The union effects are simply the ratio of the union amount divided by the non-union amount: Wage effect: $19.33 / $15.38 = 1.257 percent. Benefit effect: $10.09 / $5.41 = 1.865 percent Total compensation effect: $29.42 / $20.79 = 1.415 percent.
(b) Note that for most categories, retirement and savings increases total compensation by about 60 to 80 cents per hour, with roughly two-thirds of this expense coming in defined contribution retirement plans. In contrast, retirement and savings adds $1.64 to the hourly compensation of union workers, and over 70 percent of this comes in the form of defined benefit pension plans, not defined contribution. What is the difference between defined benefit and defined contribution plans? Why might a union prefer (and be able to negotiate) more compensation in defined benefit plans than defined contribution plans?

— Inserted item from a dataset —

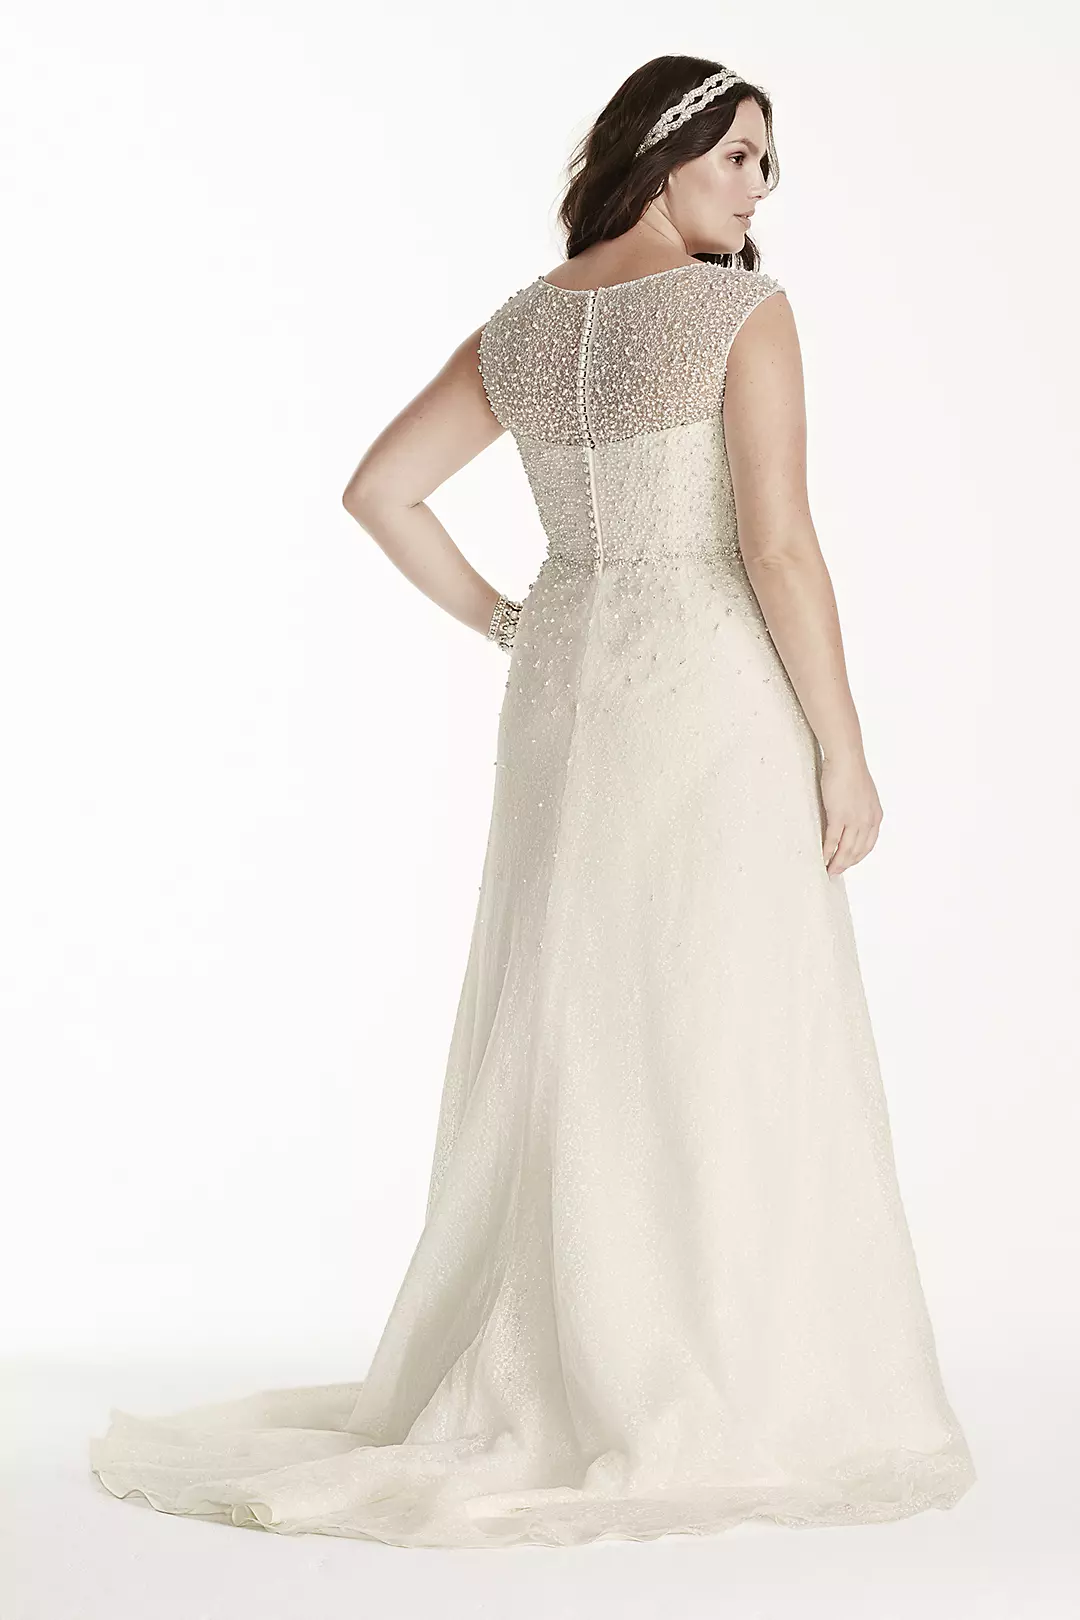 Jewel Cap Sleeve Wedding Dress with Pearl Details Image 2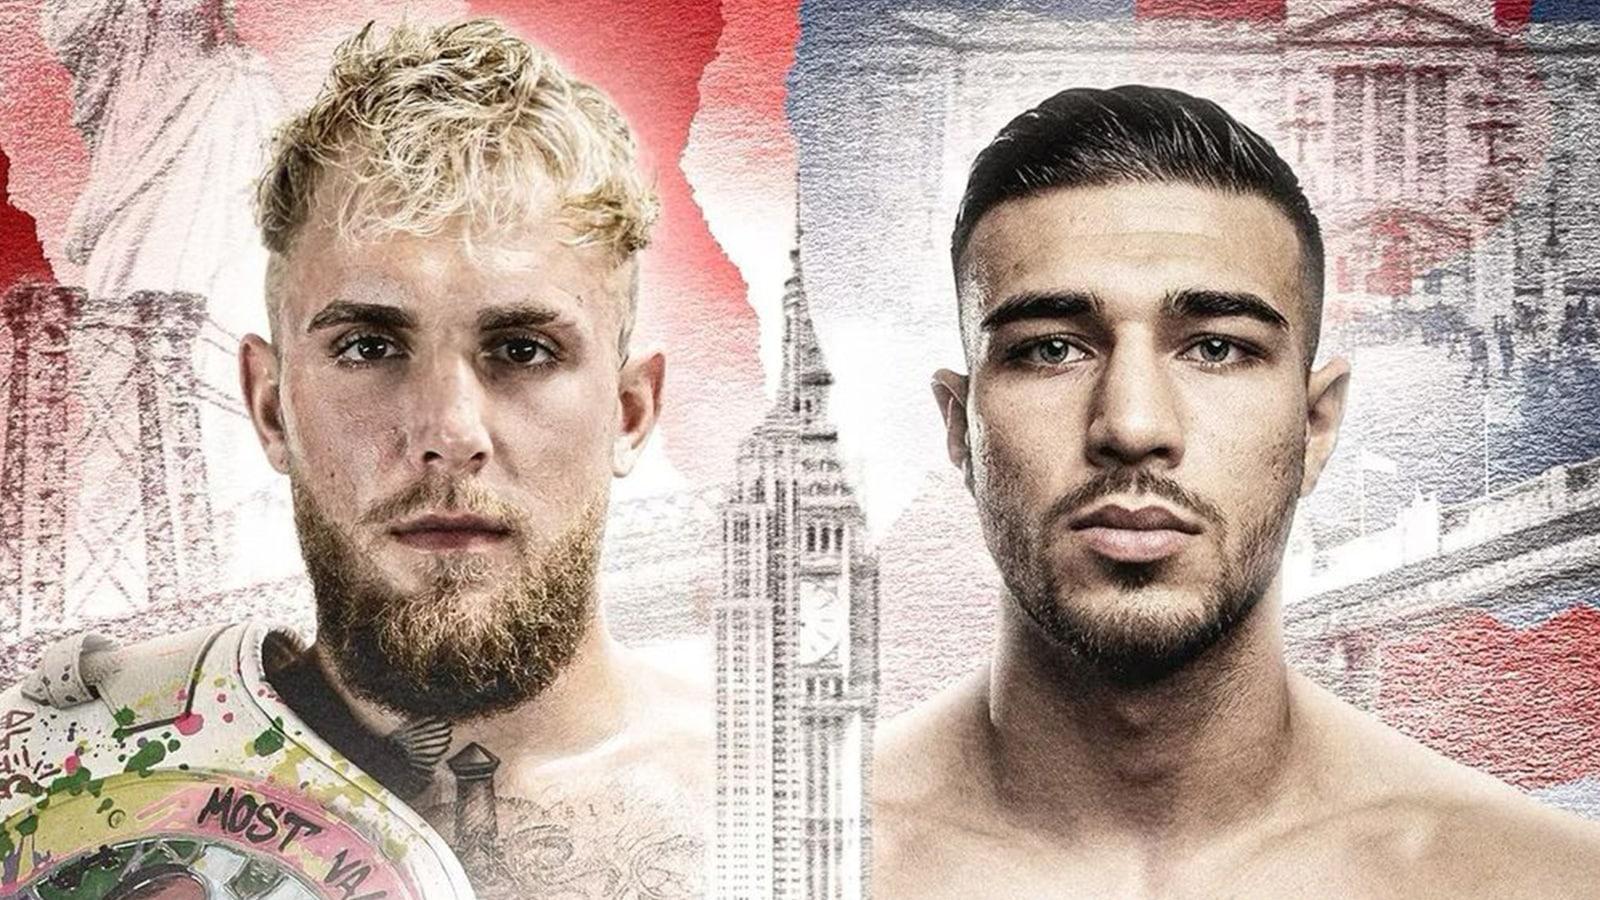 How to watch Jake Paul vs Tommy Fury 2022

A defined benefit plan specifies the retirement benefit as a fixed dollar amount. For example, if someone receives 50 percent of their last annual income as their annual pension, this is a defined benefit plan. In contrast, a defined contribution plan specifies the amount of savings into a retirement plan the firm will make. The amount of benefit eventually received by the worker depends on how well the money is invested until retirement. It is generally thought the workers prefer DB plans (though this doesnt need to be the case). DB plans put the risk on the part of the firm, while DC plans put the financial risk on the part of the worker. (The workers at Enron, for example, lost huge amounts of retirement savings not only because they were in a DC plan but also because they were forced to keep most of their contributions as Enron stock.) As unions tend to work in large firms, they may be more able than other workers to negotiate a DB plan.